THE ALLEGED CONSENSUS OF SCHOLARS

Such is the historical impasse at which open-minded students find themselves when they would finally frame a reasoned conception of the origin of the Christian religion. The documentary analysis having yielded results which absolutely repel the accepted tradition, however denuded of supernaturalism, we are driven to seek a solution which shall be compatible with the data. And some of us, after spending many years in shaping a sequence which should retain the figure of the Founder and his twelve disciples, have found ourselves forced step by step to the conclusion that these are all alike products of myth, intelligible and explicable only as such. And when, in absolute loyalty to all the clues, with no foregone conclusions to support—unless the rejection of supernaturalism be counted such—we tentatively frame for ourselves a hypothesis of a remote origin in a sacramental cult of human sacrifice, with a probable Jesus-God for its centre in Palestine, we are not surprised at being met by the kind of explosion that has met every step in the disintegration of traditional beliefs from Copernicus to Darwin. The compendious Mr. Sinclair, who makes no pretension to have read any of the works setting forth the new theories, thus describes them:—

The arguments of Baconians and mythomaniacs are alike made up of the merest blunders as to fact and the sheerest misunderstanding of the meaning of facts. Grotesque etymologies,[1] arbitrary and tasteless emendations of texts, forced parallels, unrestrained license of conjecture, the setting of conjecture above reasonably established fact, chains of argument in which every link is of straw, appeals to anti-theological bias and to the miserable egotism which sees heroes with the eyes of the valet—these are some of the formidable “evidences” in deference to which we are asked to reverse the verdicts of tradition, scholarship, and common sense. They have never imposed on anyone fairly conversant with the facts. Those who have not such knowledge may either simply appeal to the authority of scholars, OR, BETTER STILL, SUPPORT that authority by exercizing their own IMAGINATION AND COMMON SENSE.

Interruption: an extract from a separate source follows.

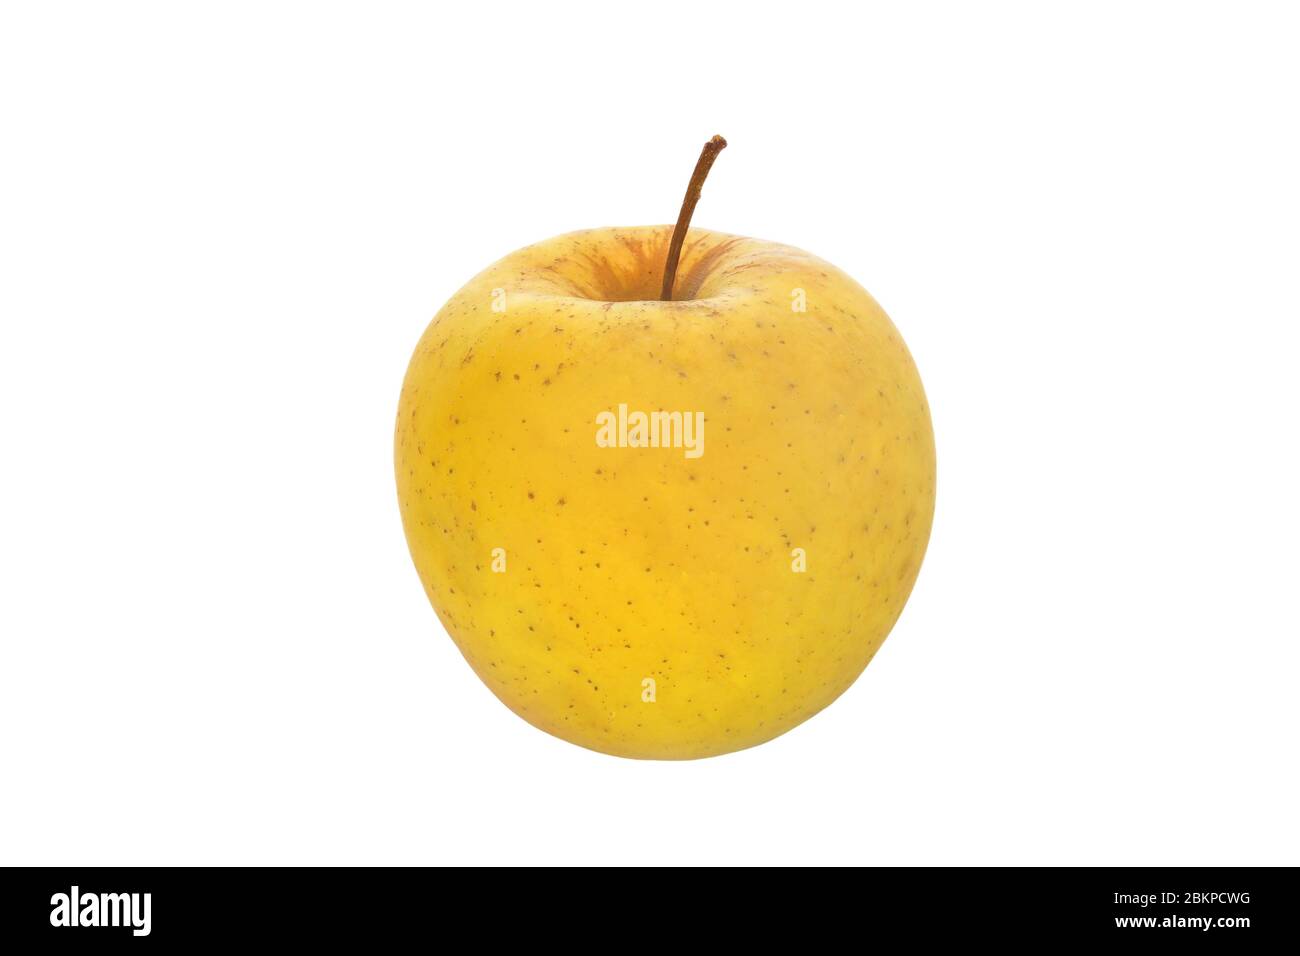 image of fruit one yellow apple on a white background Stock Photo

That tirade has seemed to me worth preserving. It is perhaps a monition to scholars, whose function is something higher than vituperation, to note how their inadequacies are sought to be eked out by zeal without either scholarship or judgment, and, finally, without intellectual sincerity. The publicist who alternately tells the unread that they ought to accept the verdict of scholars, and that it is “better still” to “support” that verdict by unaided “imagination and common sense,” has given us once for all his moral measure.

Dismissing him as having served his turn in illustrating compendiously the temper which survives in Unitarian as in Trinitarian traditionalism, we may conclude this preliminary survey with a comment on the proposition that we should take the “verdict of scholars.” It has been put by men, themselves scholars in other fields, whom to bracket with Mr. Sinclair would be an impertinence. But I have always been puzzled by their attitude. They proceed upon three assumptions, which are all alike delusions. The first is that there is a consensus of scholars on the details of this problem. The second is that the professional scholars have a command of a quite recondite knowledge as regards the central issue. The third is that there is such a thing as professional expertise in the diagnosis of Gods, Demigods, and real Founders in religious history. Once more, the nature of the problem has not been realized.

Let us take first the case of a real scholar in the strictest sense of the term, Professor Gustaf Dalman, of Leipzig, author of “The Words of Jesus, considered in the light of Post-Biblical Jewish Writings and the Aramaic Language.”[2] To me, Professor Dalman appears to be an expert of high competence, alike in Hebrew and Aramaic—a double qualification possessed by very few of those to whose “verdict” we are told to bow. By his account few previous experts in the same field have escaped bad miscarriages, as a handful of excerpts will show:—

M. Friedmann, Onkelos und Akylas, 1896, still holds fast to the traditional opinion that even Ezra had an Aramaic version of the Tora. In this he is mistaken.

H. Laible, in Dalman-Laible’s Jesus Christ in the Talmud, etc., incorrectly refers it [the phrase “bastard of a wedded wife”] to Jesus. The discussion treats merely of the definition of the term “bastard.”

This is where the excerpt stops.